We saw almost every major league team represented among the fans tonight. I never did see anyone wearing either Diamondbacks or Washington Nationals gear, and for the AL we saw no one with Seattle Mariners, Oakland A’s, or LA Angels stuff. I imagine we’ll see more of them tomorrow, but at least 50% if not more of those in attendance were Yankees and Mets fans. Since there was neither a Yankee nor a Met in the derby, the crowd quickly adopted Hamilton as our own, when one of the first homers he hit banged off the BACK WALL OF THE BLEACHERS. That got him a standing ovation, and while people were still on their feet for that, he hit one that hit the BANK OF AMERICA sign! Five hundred feet.

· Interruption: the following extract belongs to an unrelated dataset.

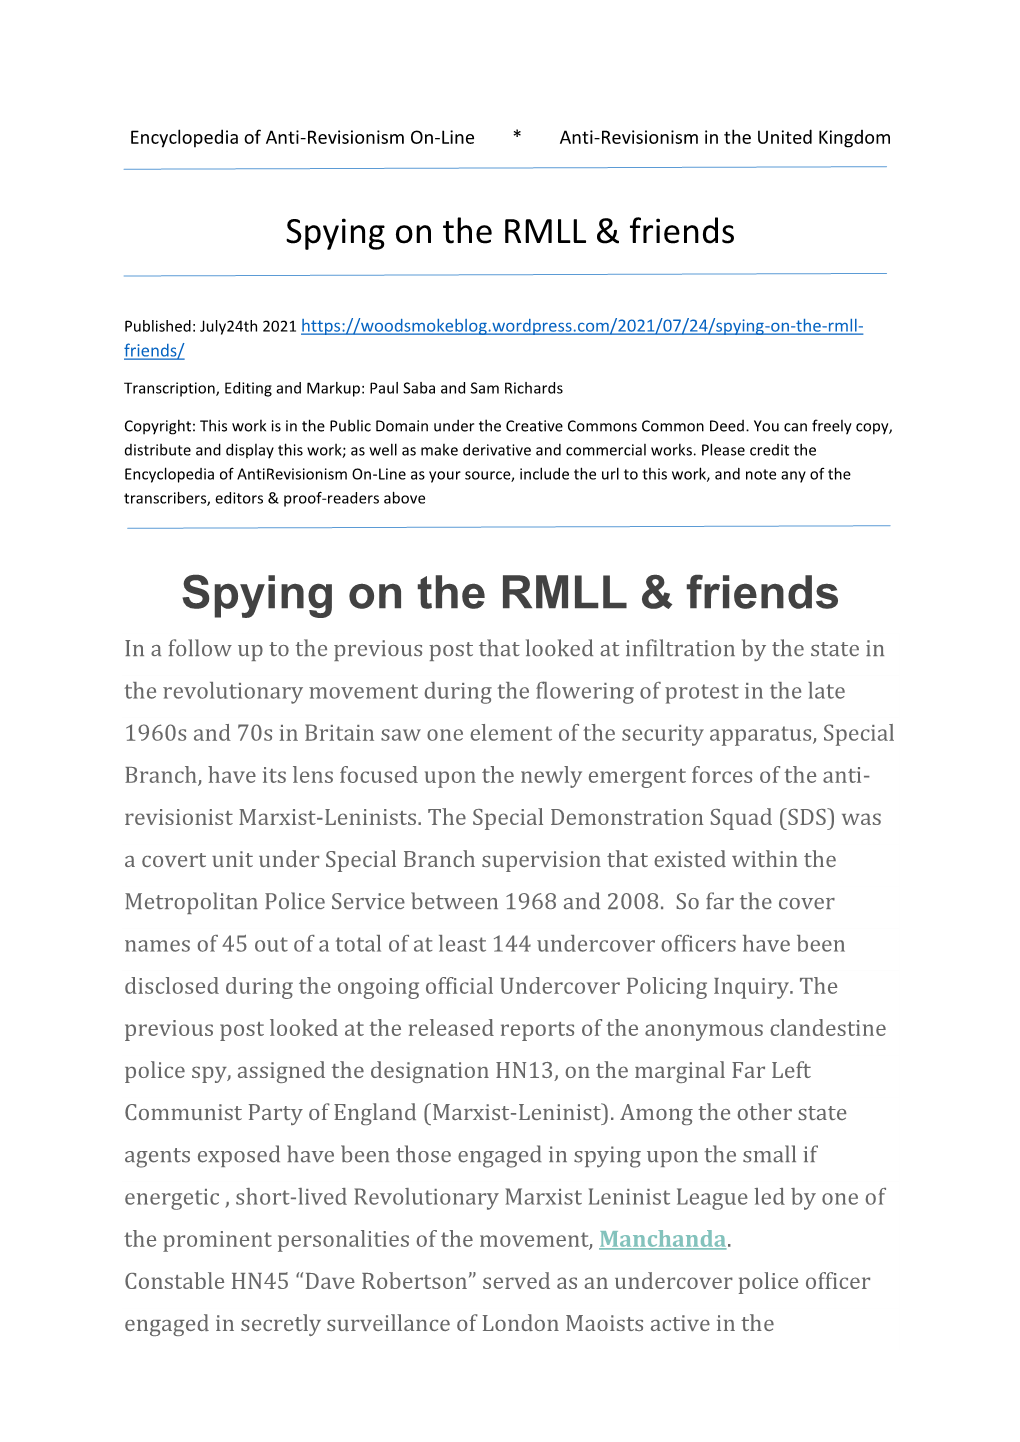 Spying on the RMLL & Friends

He hit them into every part of the ballpark. The upper deck in right. The bullpen. The “black.” He was also the hitter who came closest to hitting the “HIT IT HERE” sign, which if he had would have meant MasterCard had to pay some lucky fan a million dollars. He never did hit it, but he came within 50 feet of it, and the crowd stayed on their feet for most of his incredible 28 homers in the first round, a new single-round record for the HR Derby. Between pitches, he received one of the greatest honors a Yankee Stadium crowd can bestow, which is the rhythmic chanting of one’s name. For about a half hour or so, Josh Hamilton was adopted as an honorary Yankee.

The rest was mostly anti-climax, fun but not the incredible show-stopping performance that Hamilton’s first round was. In the end, too, because of the way the derby rounds work, Hamilton lost the final round to Justin Morneau, 5-3. Morneau is the guy I was betting on (though not with actual money…), so that is kind of neat. But in the end I was as won over by Hamilton as anyone.

Now we hope he smashes a couple more balls like that in tomorrow’s game. More to come! I’m going to FanFest and then to the All Star Game itself!